The attacks of Sept. 11, 2001, changed America, and Sen. Ted Cruz says it changed him.
That has the talkers at MSNBC beside themselves with scorn and MSNBC issuing an apology.
Interviewed Tuesday on CBS Good Morning, the announced candidate for president was asked about his musical tastes.
“I grew up listening to classic rock, and I’ll tell you sort of an odd story,” Cruz offered.
“My music tastes changed on 9/11.
“And it’s a very strange … I actually intellectually find this very curious. But on 9/11 I didn’t like how rock music responded. And country music collectively – the way they responded – it resonated with me, and I have to say it’s just a gut-level … I had an emotional reaction that said, These are my people.
“And so ever since 2001 I listen to country music, but I’m a non-country-music fan because I didn’t listen to it prior to 2001.”
But Cruz’s conversion to country music didn’t sit well with MSNBC political analyst Joan Walsh and Ebony Magazine senior editor Jamilah Lemieux.
Appearing with MSNBC host Ari Melber the pair was asked for their reaction to Cruz’s comments.
“Nothing says ‘Let’s go kill some Muslims’ like country music,” said Lemieux sarcastically.
“Fresh from Lynchburg, Virginia … someone who obviously doesn’t want to be a polarizing candidate, he wants to bring people together. I mean, really? That’s absurd.”

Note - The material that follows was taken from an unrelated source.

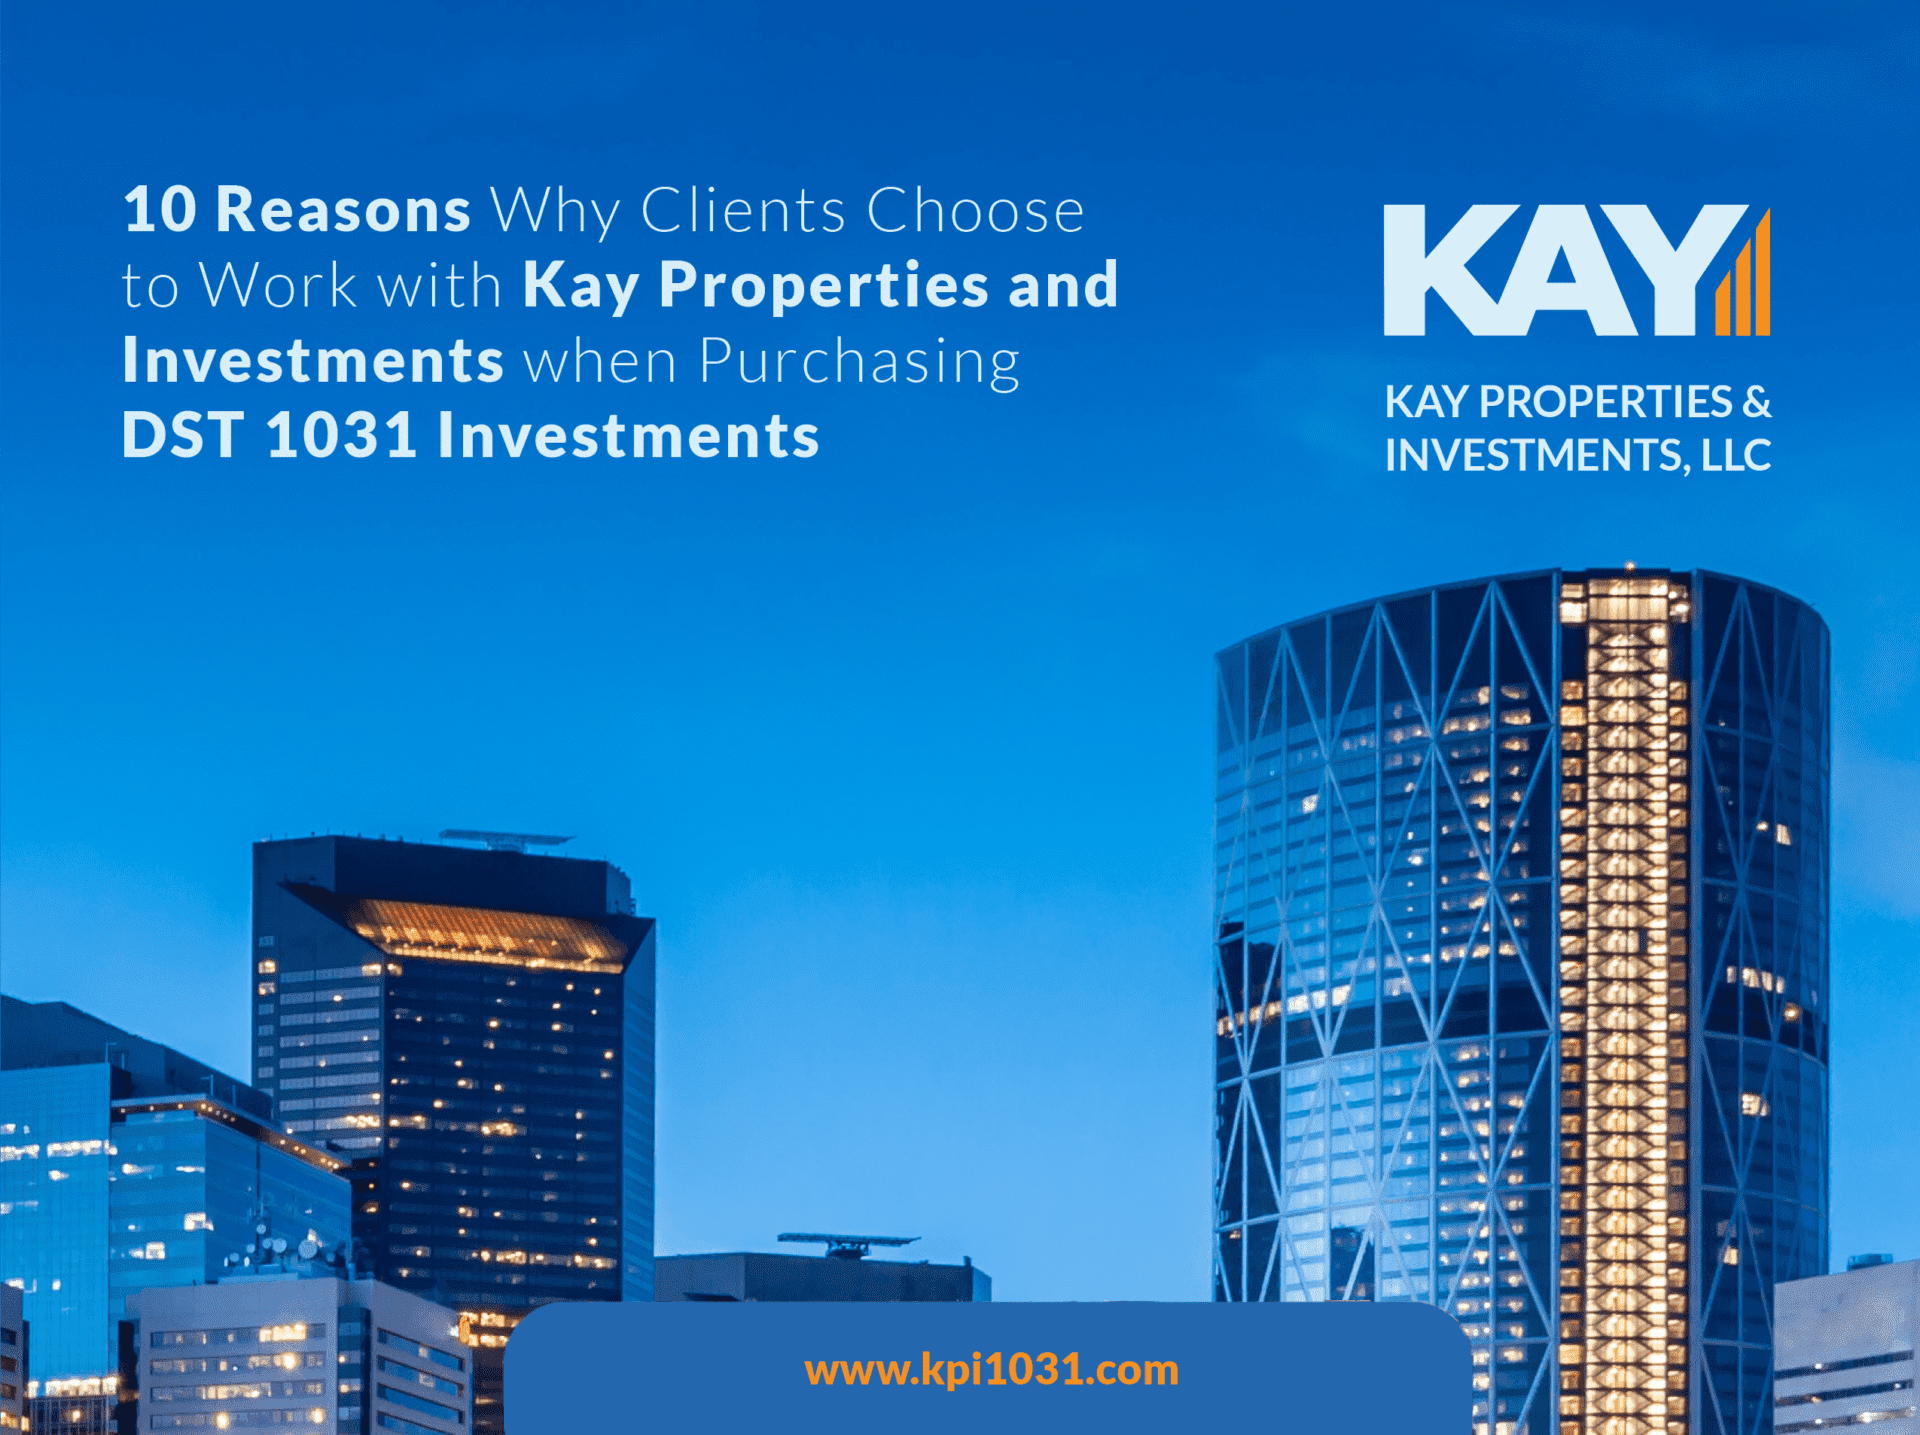 Featured image for “10 Reasons Why Clients Choose Kay Properties”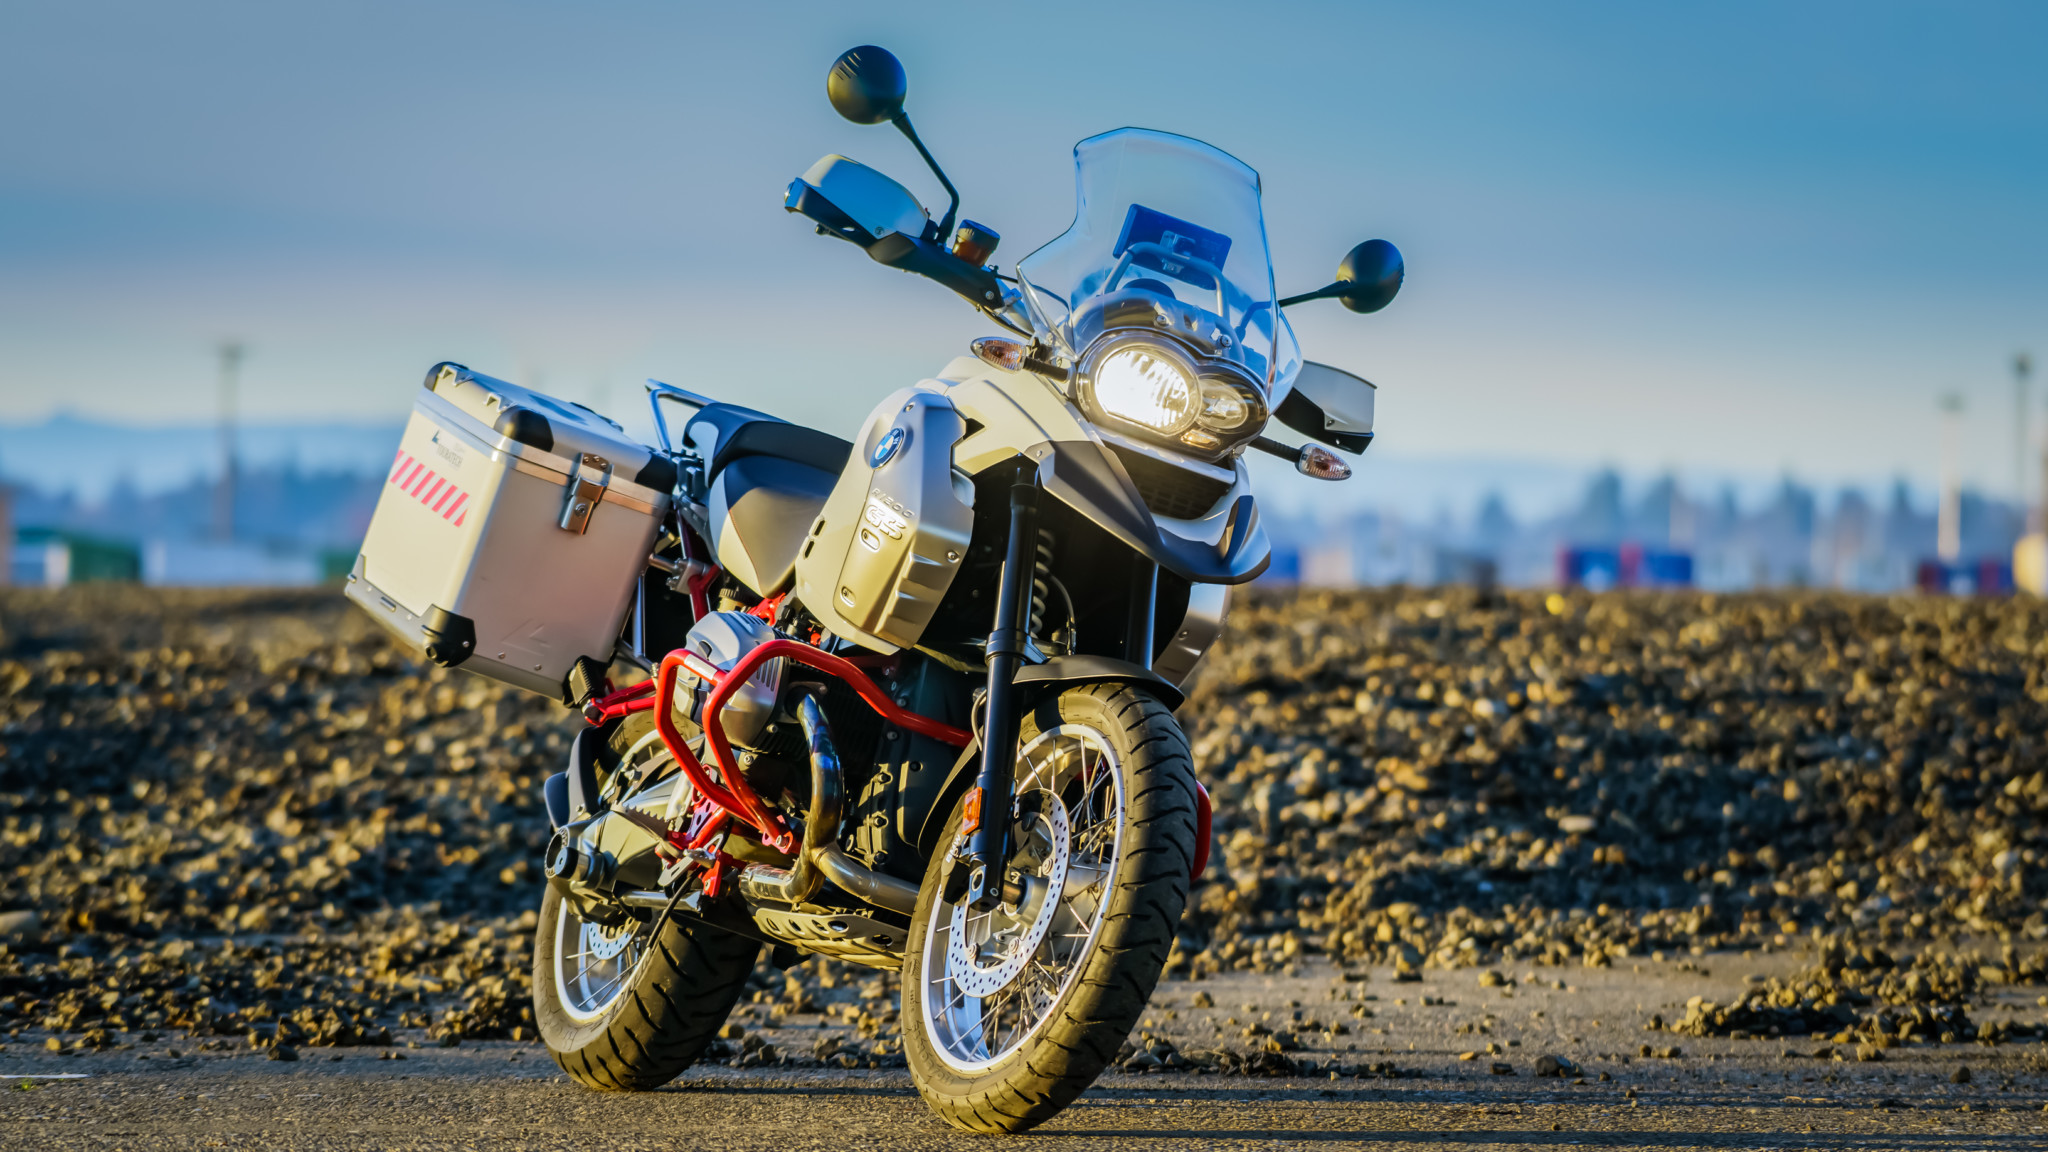 Vehicles BMW R1200GS HD Wallpaper | Background Image

“What an idiot,” chimed in Walsh. “Can you say pandering? … He’s not talking to people like us, so it’s fine. He knows who he’s pandering to, but I can’t believe it’s going to work with country fans, God bless them.”
It was up to former Republican National Committee Chairman Michael Steele, who was also a panelist, to answer the scoffers.
“I believe you’re absolutely right, Joan, he’s not talking to you. … I think what he was trying to say, however awkward that it came out, was that country music sort of captured that moment for him. It sort of expressed what he felt. It expressed his idea of America at this time of terrorism, and that resonated with him. I don’t make much more of it than that,” said Steele, suggesting Walsh and Lemieux were “overthinking” it.
Several segments later, Melber made an on-air apology for Lemieux’s comment: “We have a programming note. A few minutes ago on this show, a guest made a comment about country music. That comment was not appropriate, and we want to be clear this network does not condone it.”
It’s not the first time others have had to apologize for Lemieux.
Lemieux was widely criticized last year after she slammed remarks by Raffi Williams, a RNC press secretary who does youth outreach for the GOP, with a tweet: “Oh great, here comes a white dude telling me how to do this black thing. Pass.”